### GIVEN DATA:
++++++++++++++++++++

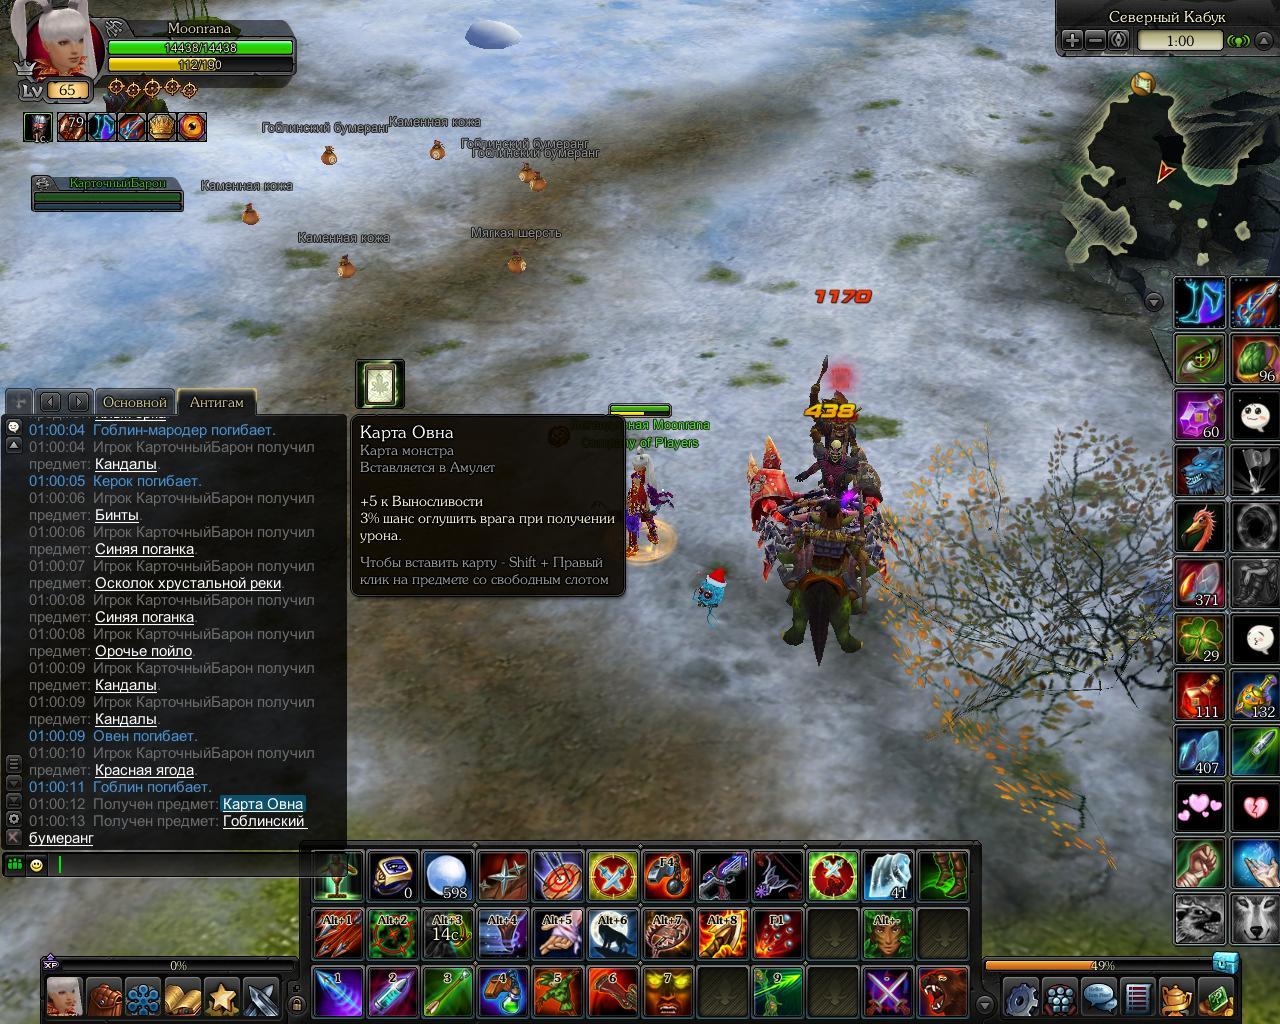 screen_190719_002.1563576753.jpg
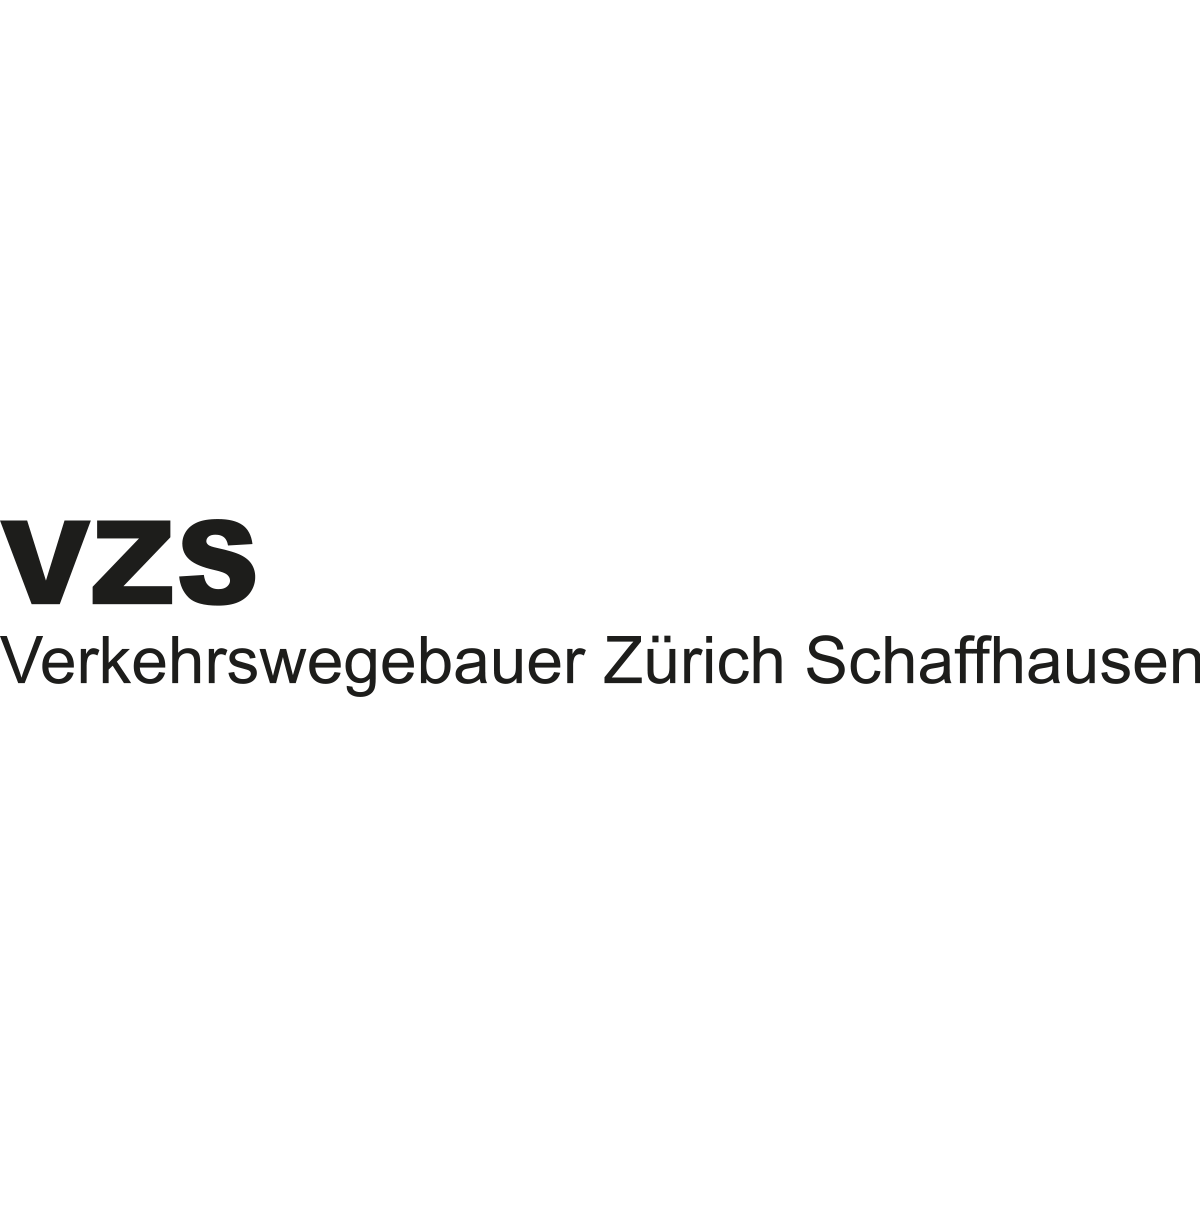 VZS Verkehrswegebauer Zürich Schaffhausen
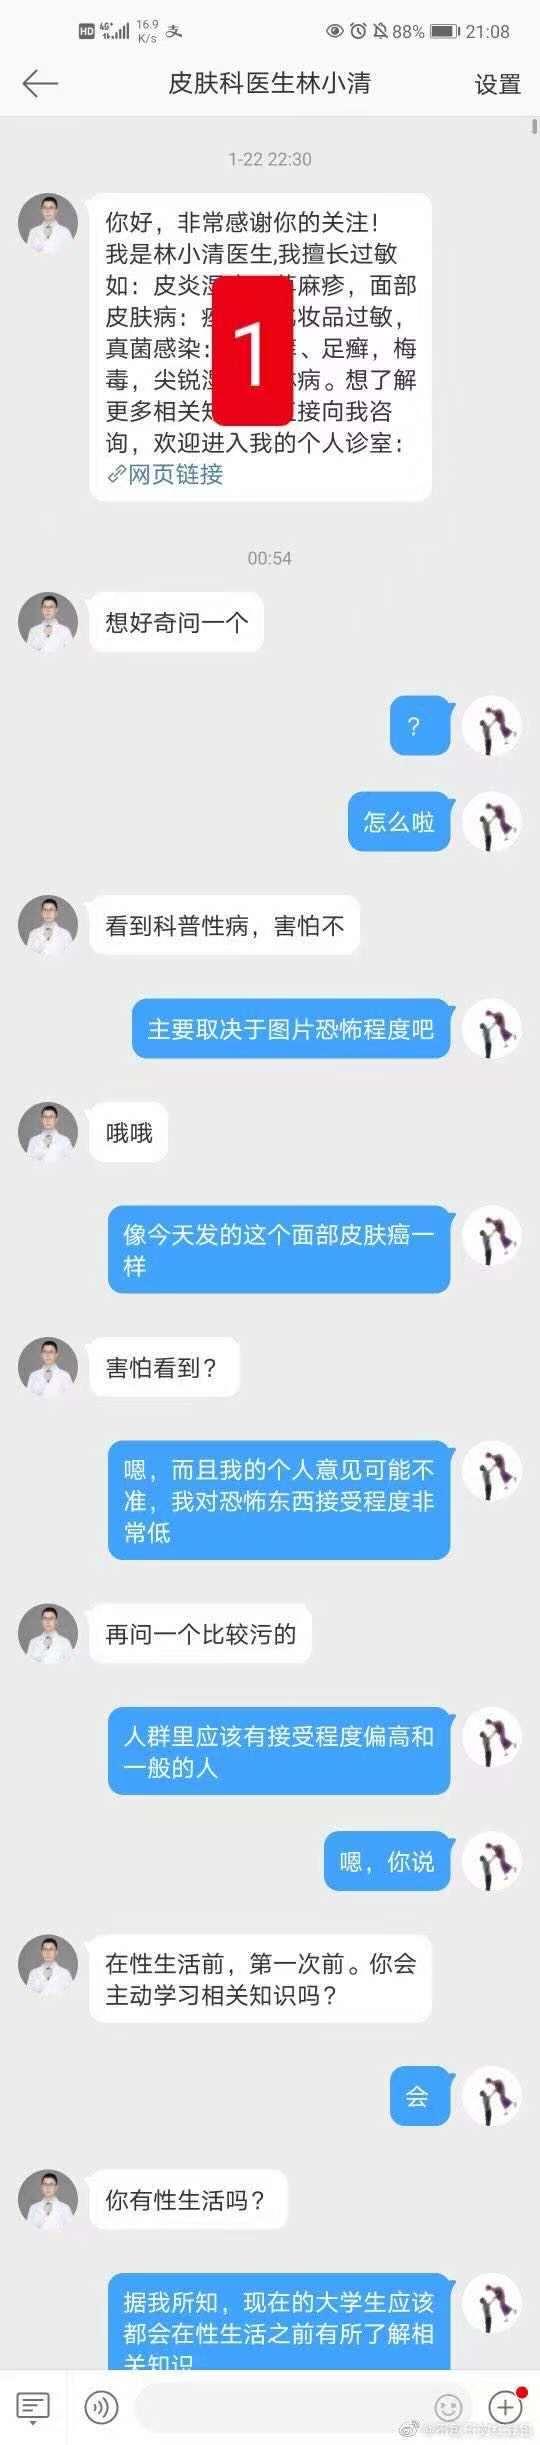 """""""不包子的红豆包""""在微博晒出两人的第一次聊天截图 图片来源:微博"""
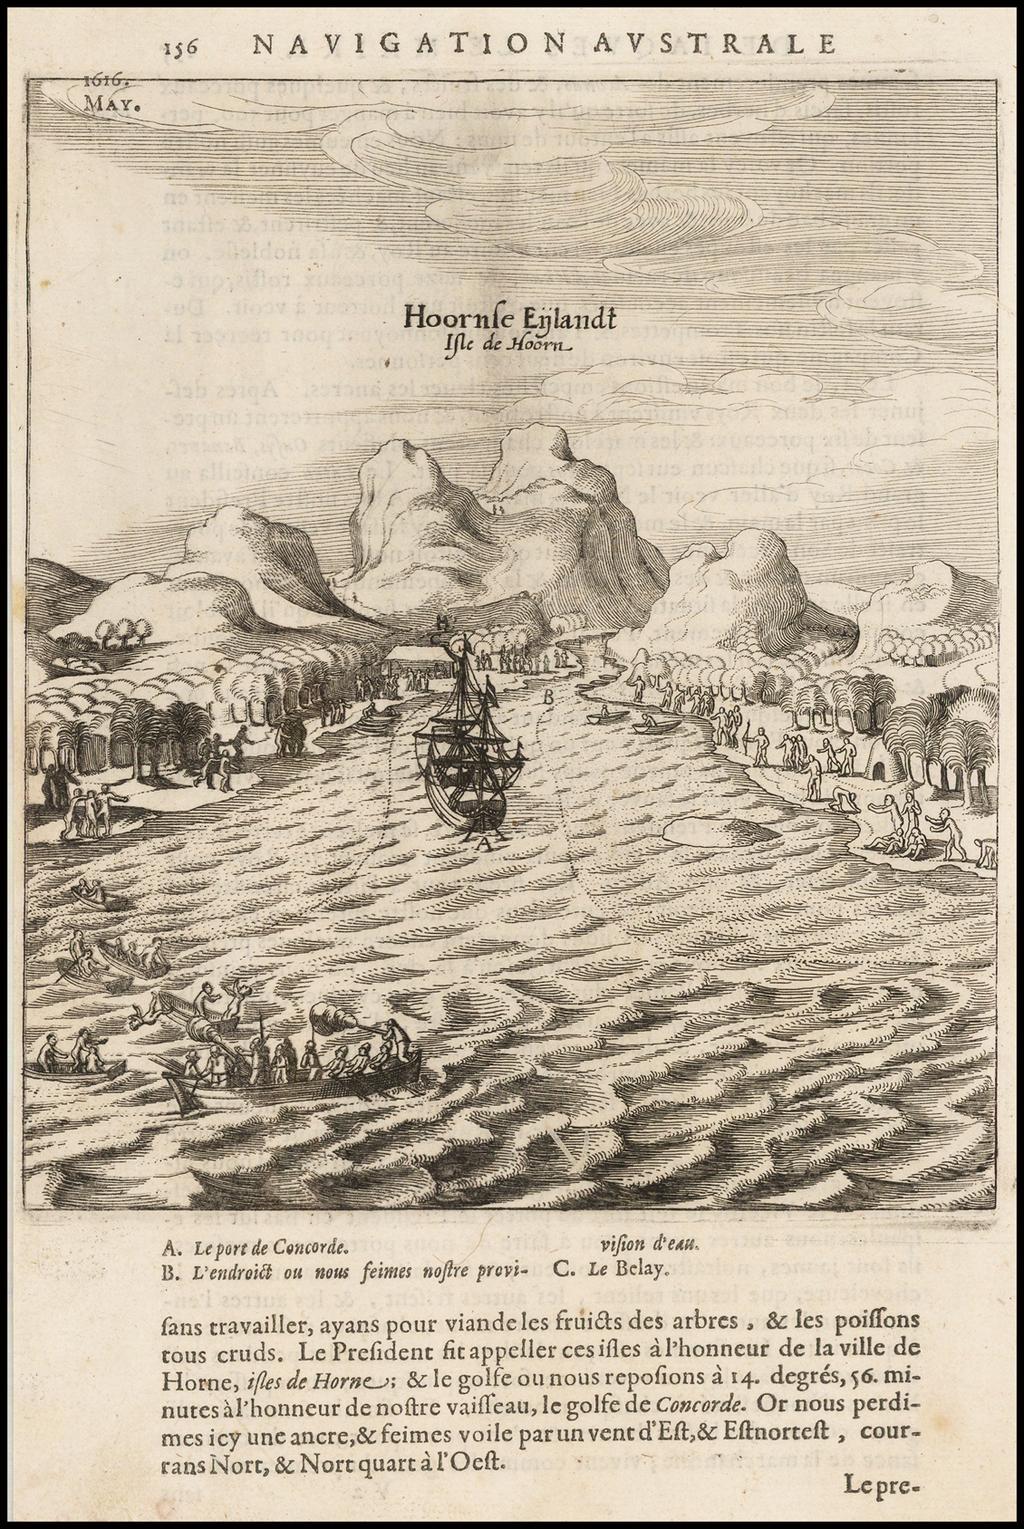 Hoornse Eijlandt By Antonio de Herrera y Tordesillas

++++++++++++++++++++

### TASK PROMPT:
Drop the images; restate the listing exactly.

### TASK RESPONSE:
 screen_190719_002.1563576753.jpg
 VZS Verkehrswegebauer Zürich Schaffhausen
 """""""不包子的红豆包""""在微博晒出两人的第一次聊天截图 图片来源:微博"""
 Hoornse Eijlandt By Antonio de Herrera y Tordesillas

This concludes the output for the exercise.